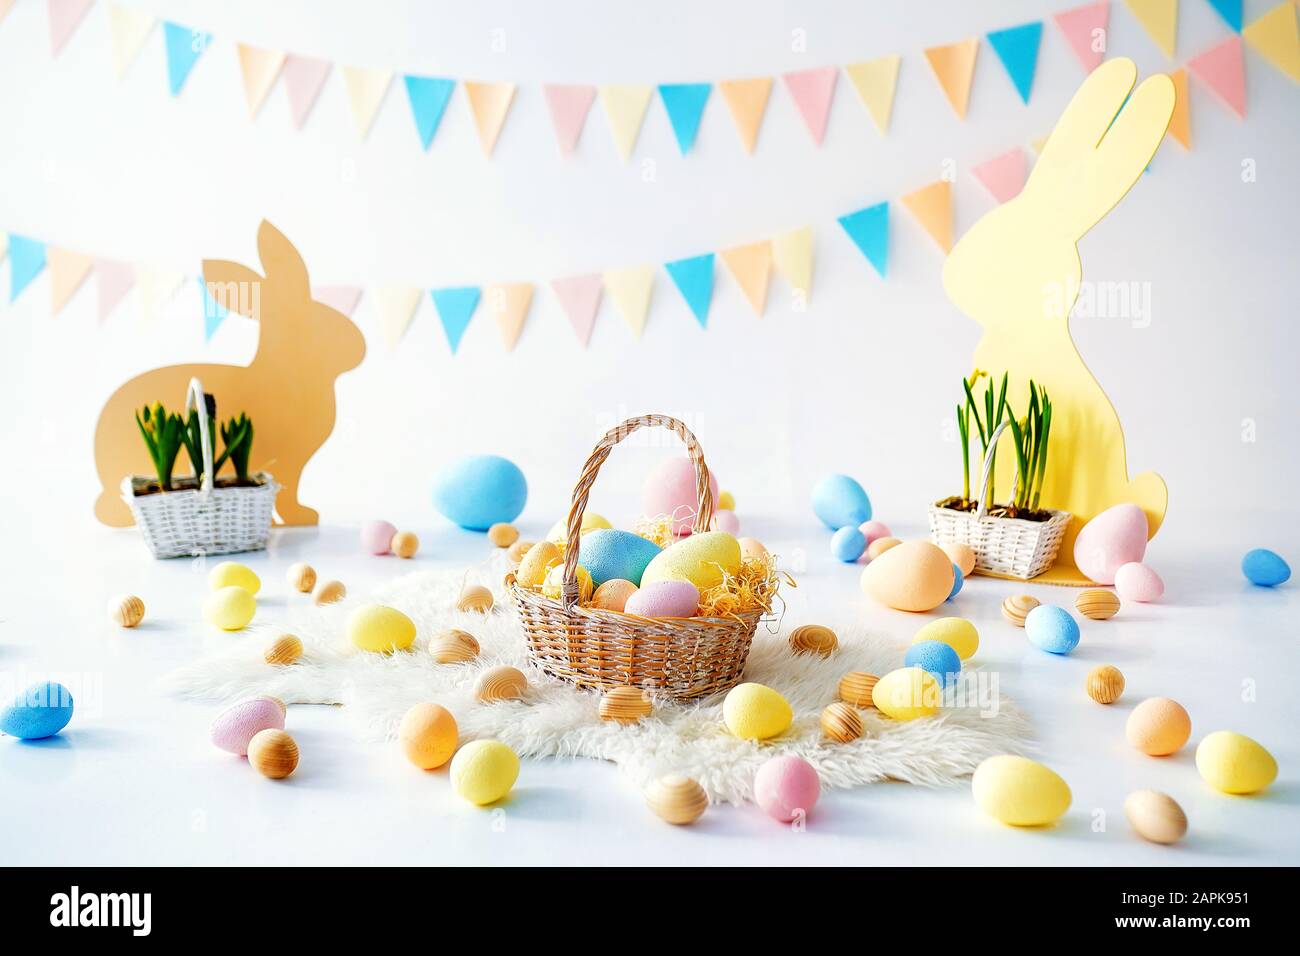 Easter. Many colorful Easter eggs with bunnies and baskets. Easter decoration of the room, children's room for games. Basket with carrots and rabbits. Easter photo shoot. Nest, eggs, boxes of hay. Stock Photo
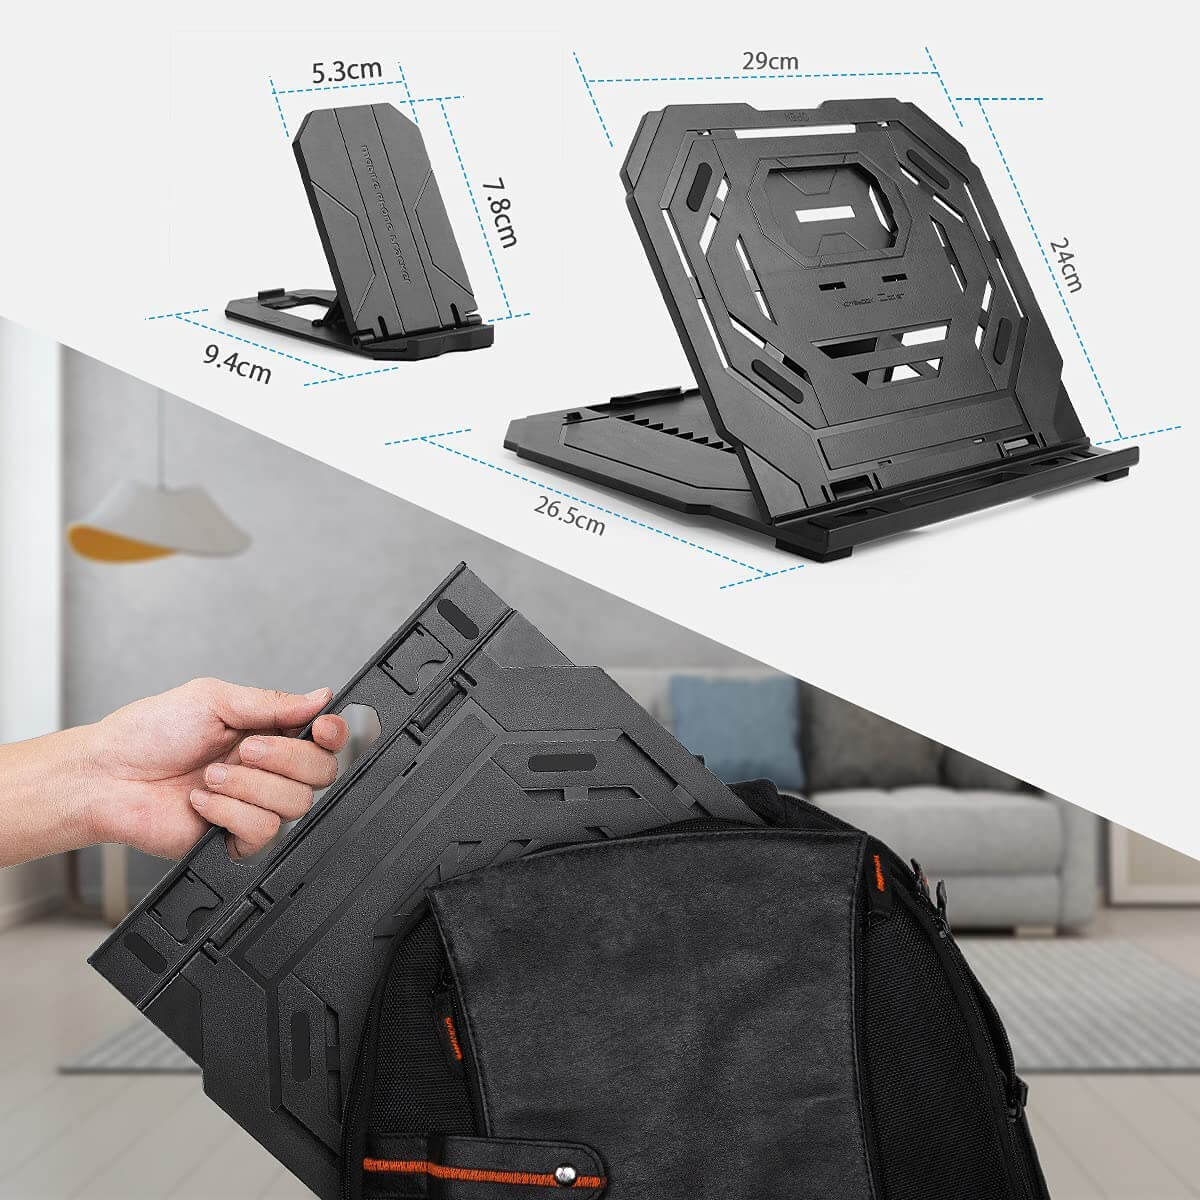 Frunsi graphics tablet stand can be folded and laid flat when not using it. It is lightweight and stylish, ideal for carrying around in a travel bag.
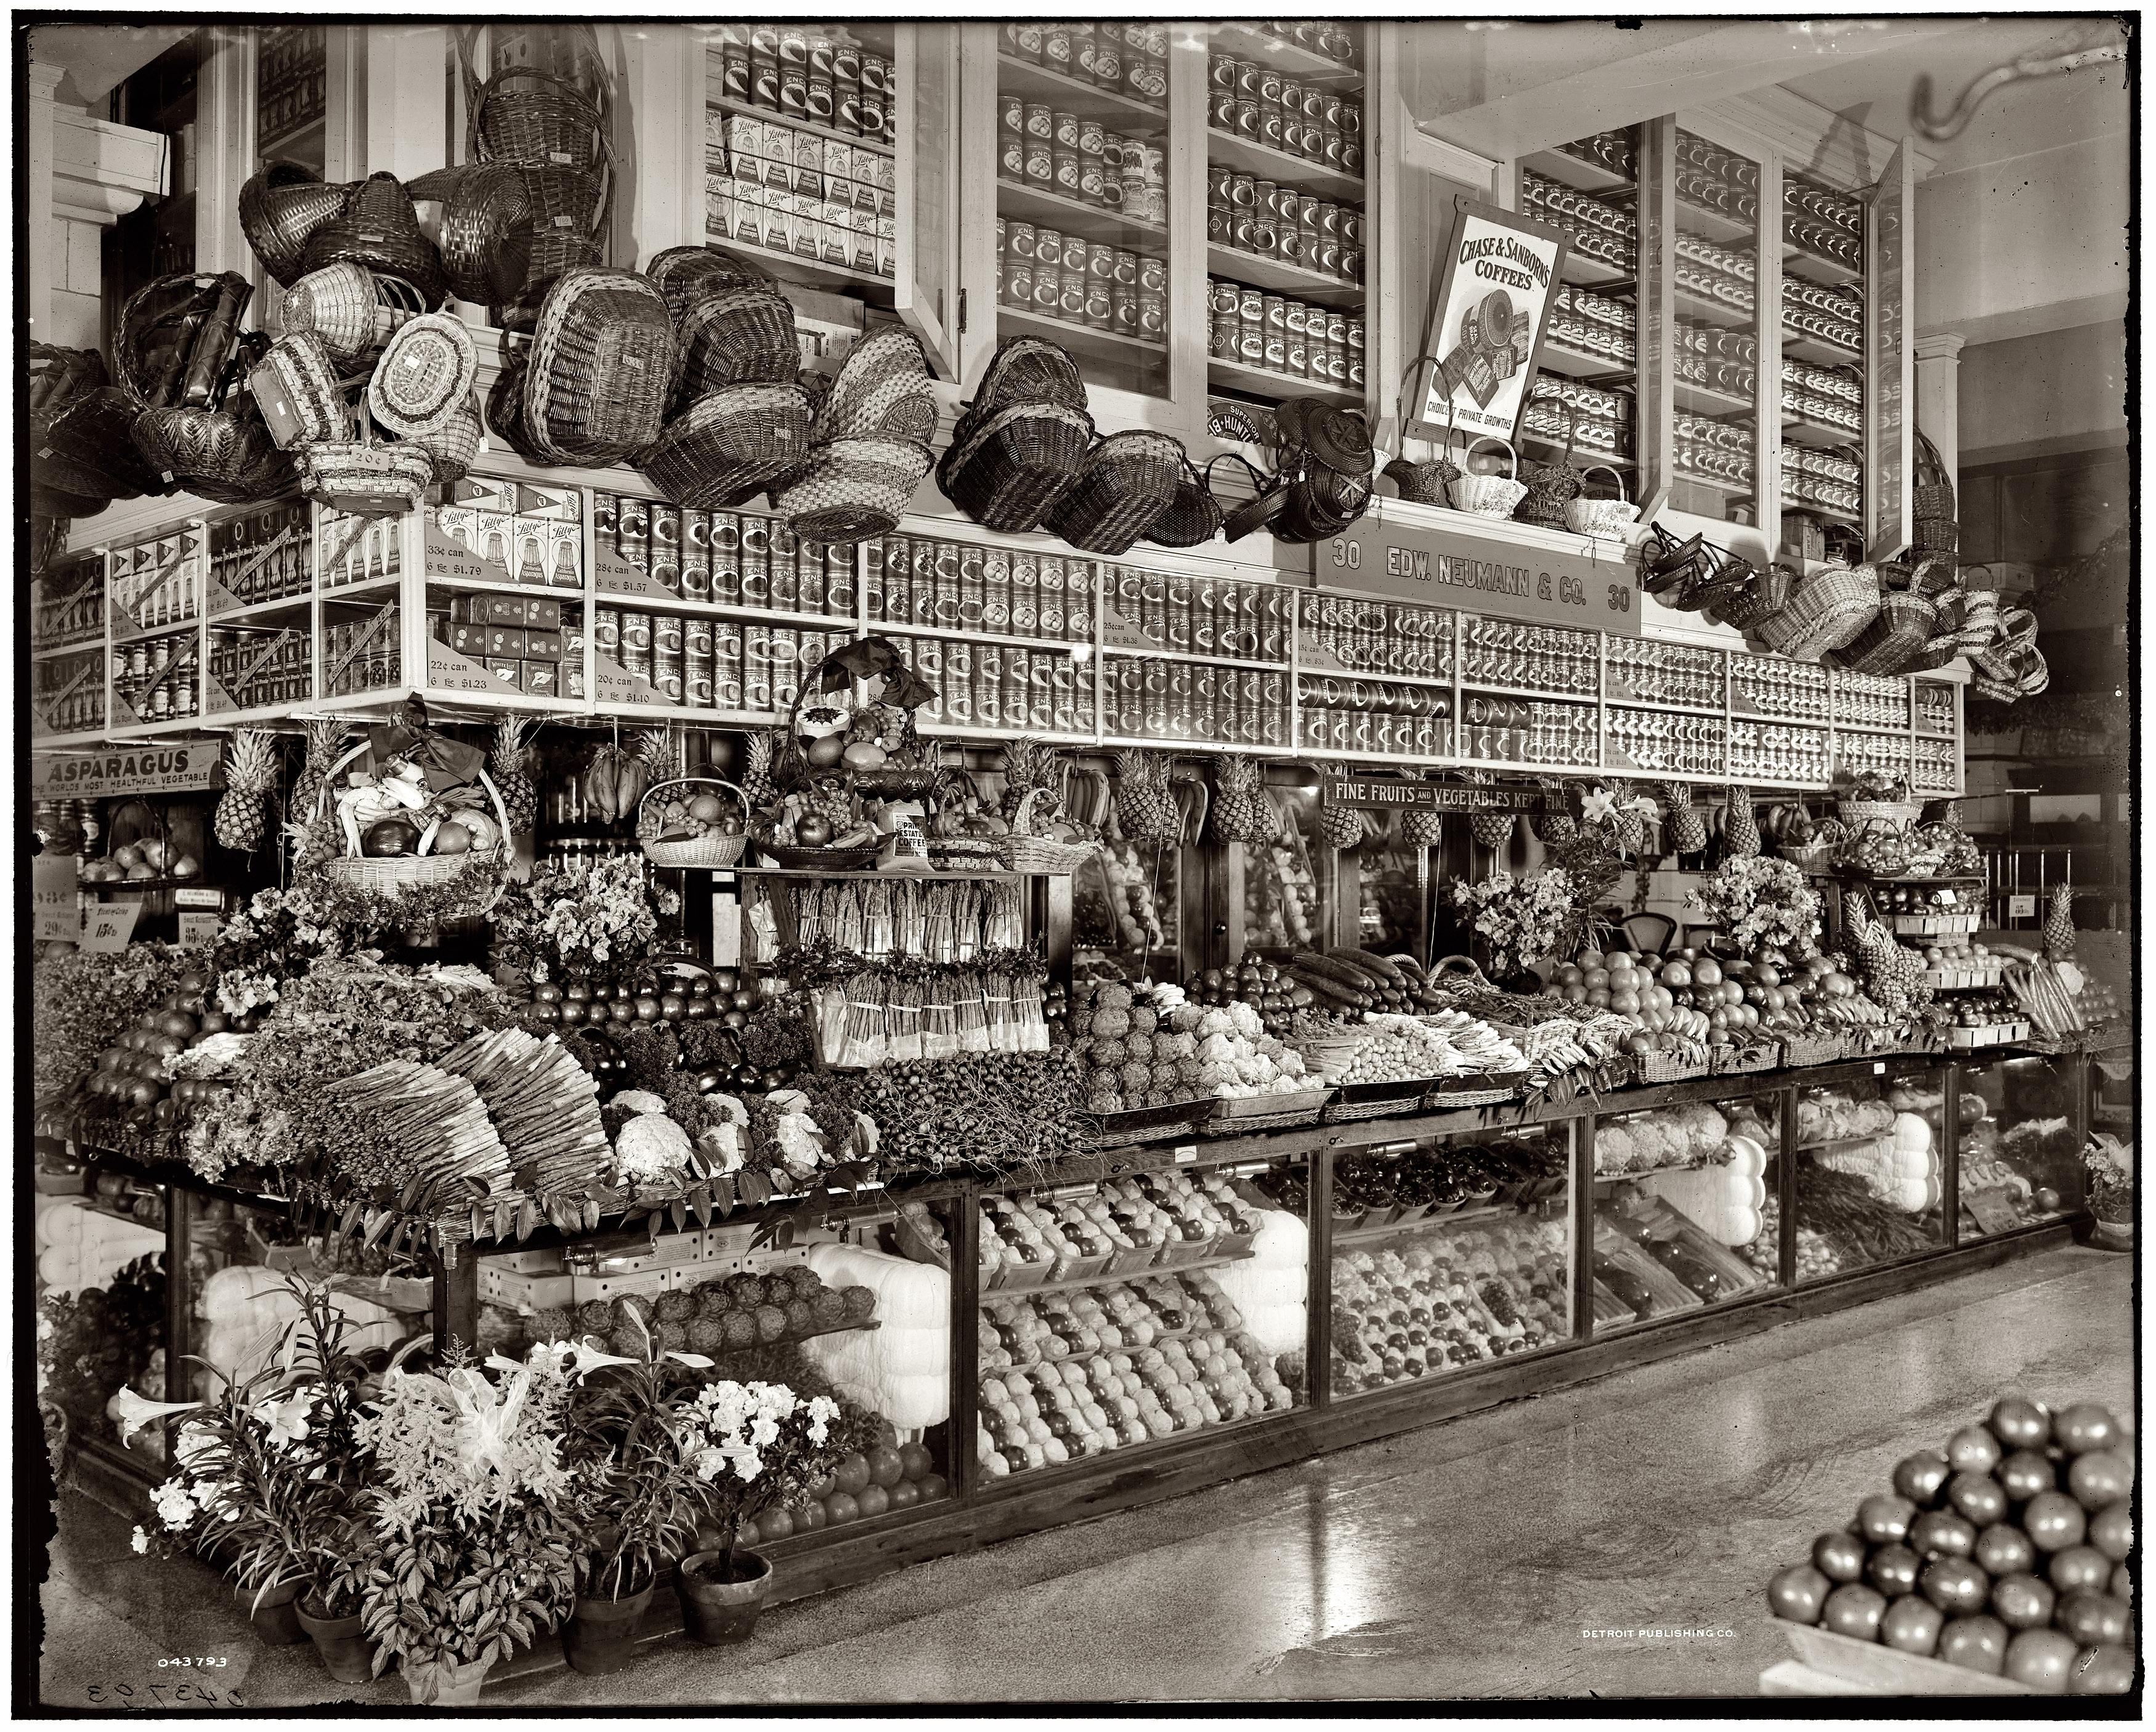 The Edw. Neumann grocery at Broadway Market in Detroit circa 1910. 8x10 glass plate negative, Detroit Publishing. View superjumbo full size. (Which is still less than half the pixel dimensions of the full-resolution, 6100 x 5000 image -- i.e., less than a quarter of the available detail!) Who'll be the first to count all the cans?
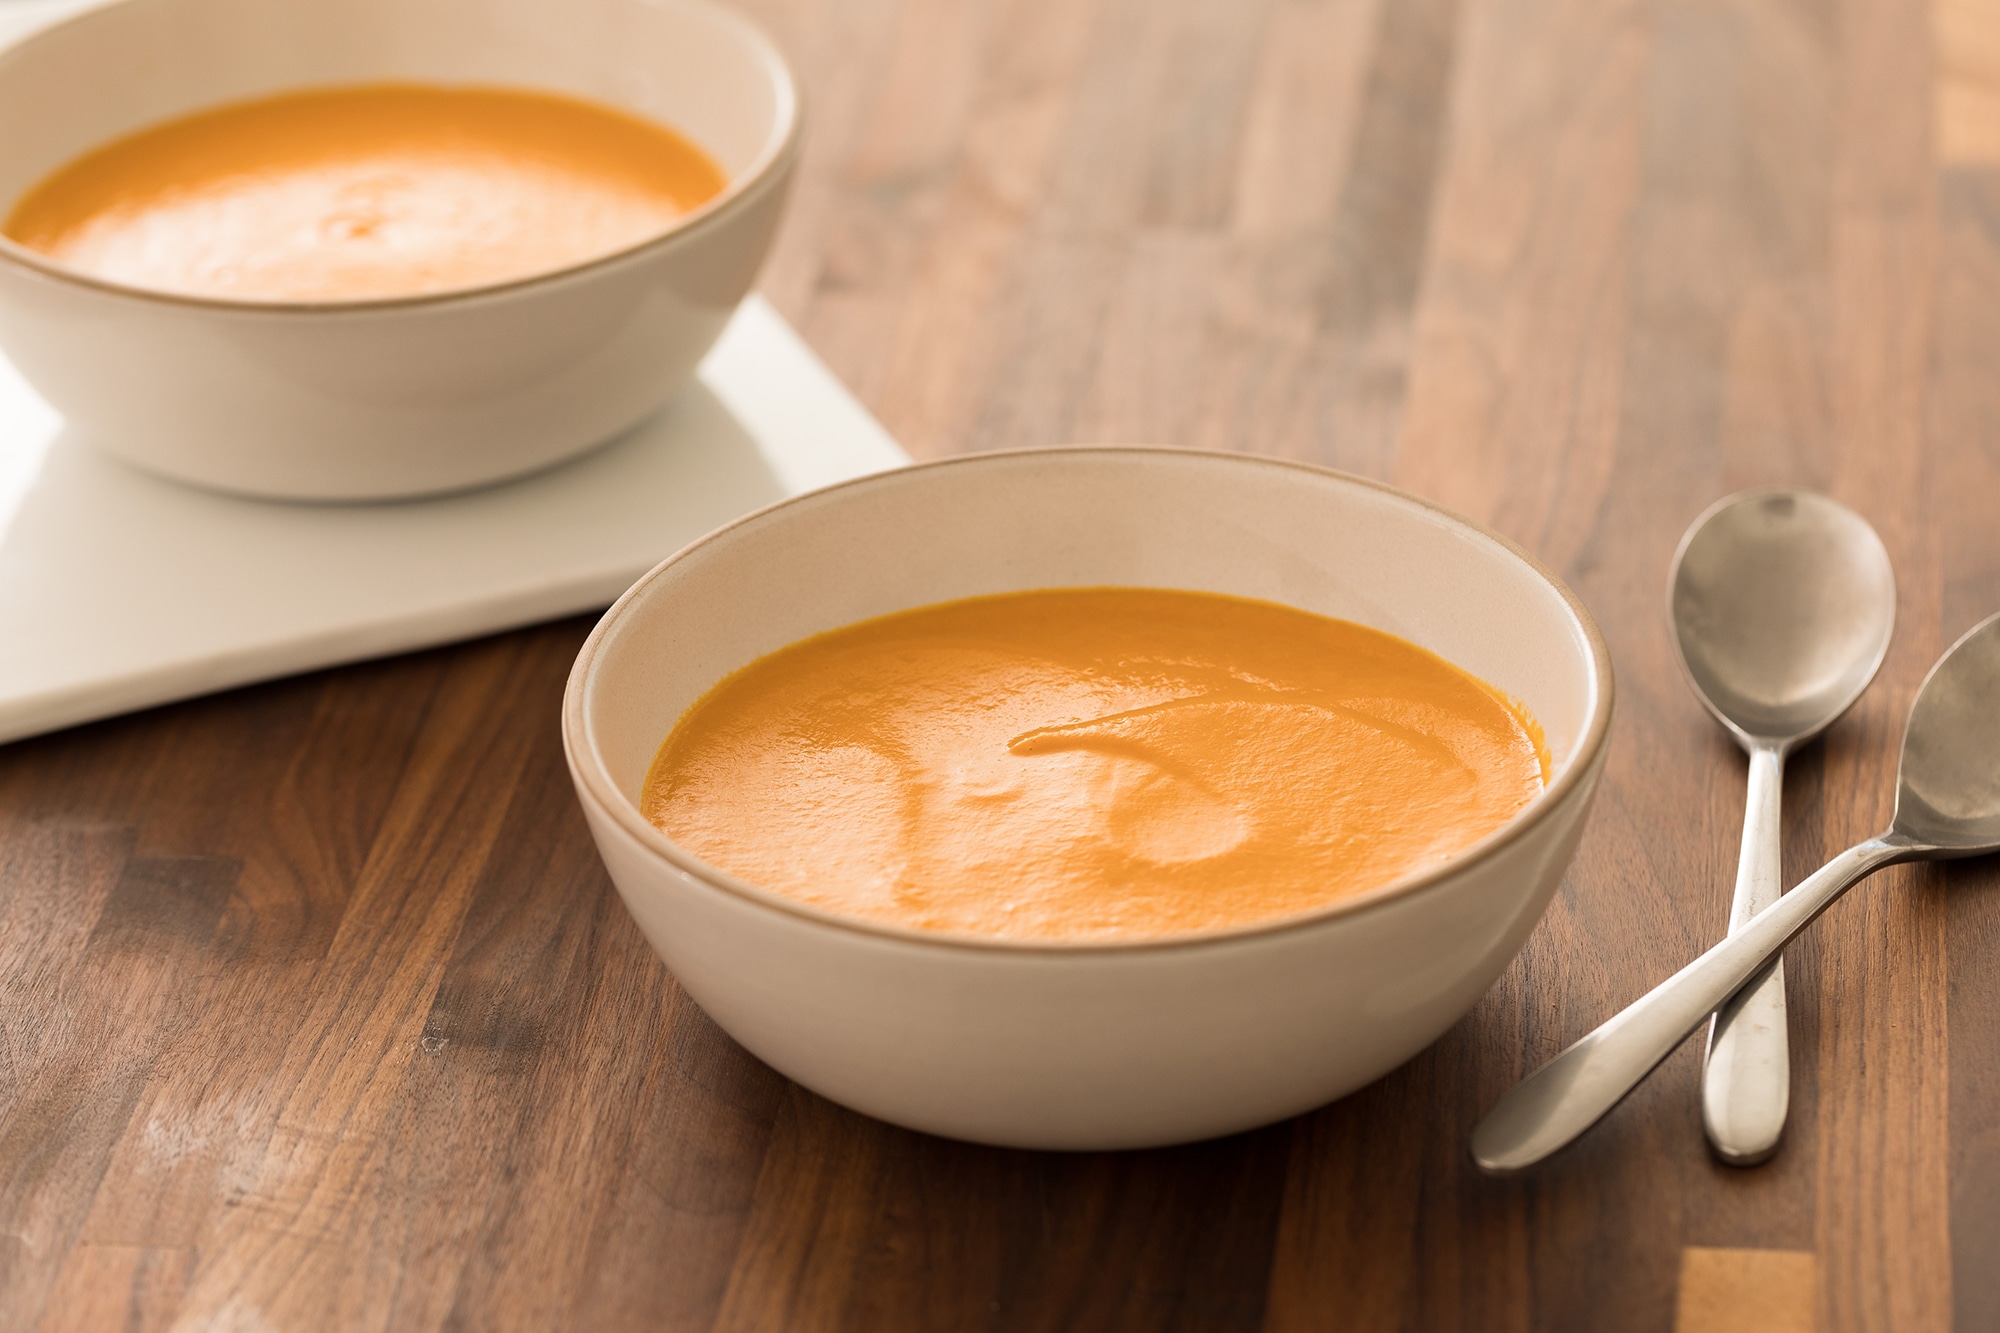 Serve up this delicious creamy soup

_TASK DIRECTIONS_: The material should be duplicated word for word, with no images included.

_RESULT OF THIS TASK_:
 Easter. Many colorful Easter eggs with bunnies and baskets. Easter decoration of the room, children's room for games. Basket with carrots and rabbits. Easter photo shoot. Nest, eggs, boxes of hay. Stock Photo
 Frunsi graphics tablet stand can be folded and laid flat when not using it. It is lightweight and stylish, ideal for carrying around in a travel bag.
 The Edw. Neumann grocery at Broadway Market in Detroit circa 1910. 8x10 glass plate negative, Detroit Publishing. View superjumbo full size. (Which is still less than half the pixel dimensions of the full-resolution, 6100 x 5000 image -- i.e., less than a quarter of the available detail!) Who'll be the first to count all the cans?
 Serve up this delicious creamy soup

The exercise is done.